Ciò spiega anche l’alleanza tra l’AKP di ispirazione “islamica” ed alcuni liberali laici. Il grosso interrogativo che riguarda il futuro politico della Turchia è dunque – sempre secondo Akyol – il seguente: vi è la possibilità che emerga una versione laica dell’AKP o, in altre parole, un partito riformista privo dell’inclinazione religiosa dell’AKP?

A questo proposito, alcuni ripongono le loro speranze nel nuovo leader del CHP Kılıçdaroğlu.

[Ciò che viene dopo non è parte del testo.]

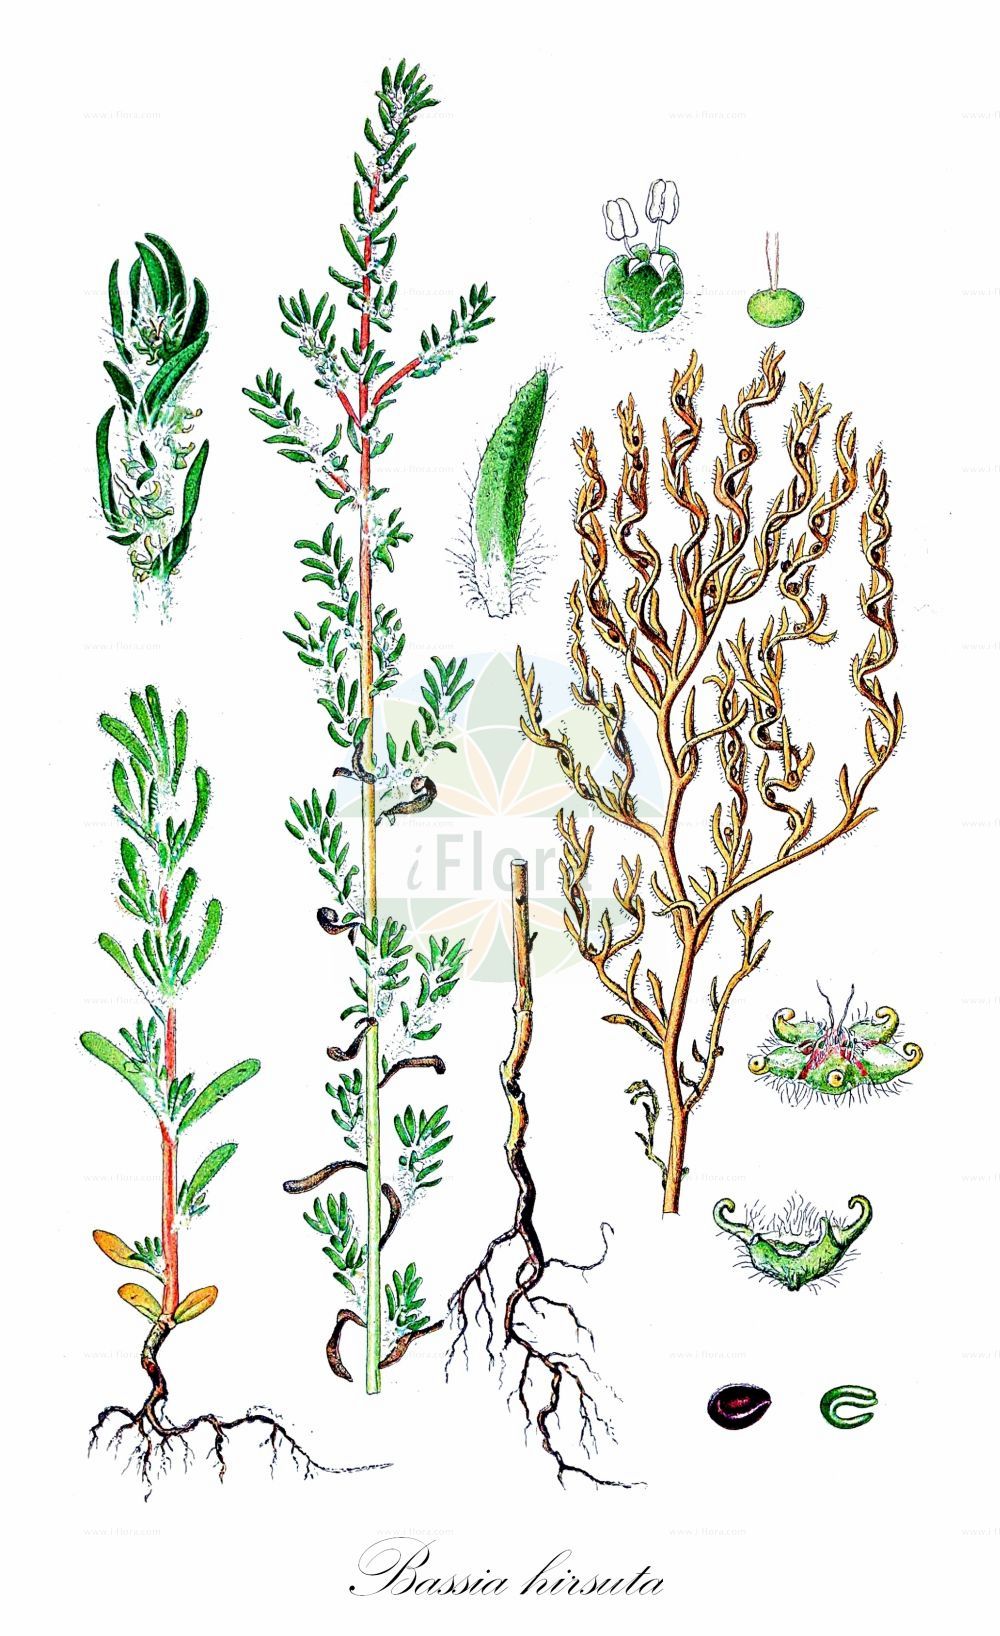 Historische Abbildung von Bassia hirsuta (Rauhaarige Dornmelde - Hairy Seablite). Das Bild zeigt Blatt, Bluete, Frucht und Same. ---- Historical Drawing of Bassia hirsuta (Rauhaarige Dornmelde - Hairy Seablite). The image is showing leaf, flower, fruit and seed.(Bassia hirsuta,Rauhaarige Dornmelde,Hairy Seablite,Bassia hirsuta,Chenopodium hirsutum,Echinopsilon hirsutum,Kochia hirsuta,Rauhaarige Dornmelde,Rauhhaarige Dornmelde,Hairy Seablite,Hairy Smotherweed,Bassia,Dornmelde,Smotherweed,Amaranthaceae,Fuchsschwanzgewächse,Pigweed family,Blatt,Bluete,Frucht,Same,leaf,flower,fruit,seed,Lindman (1901-1905))

Altri rimangono invece scettici poiché ritengono questo partito troppo legato al passato kemalista, e poco propenso ad abbracciare una visione più egualitaria e democratica.

Un aspetto paradossale del CHP sta nel fatto che la richiesta di adesione della Turchia all’UE fu avviata proprio da questo partito, con l’accordo di Ankara del 1963. Attualmente, però, esso sembra scarsamente entusiasta nei confronti del processo di avvicinamento all’Unione, che invece è stato portato avanti e sostenuto dall’AKP. Allo stesso modo, il CHP non ha appoggiato altre iniziative di politica estera dell’AKP, come il riavvicinamento con l’Armenia.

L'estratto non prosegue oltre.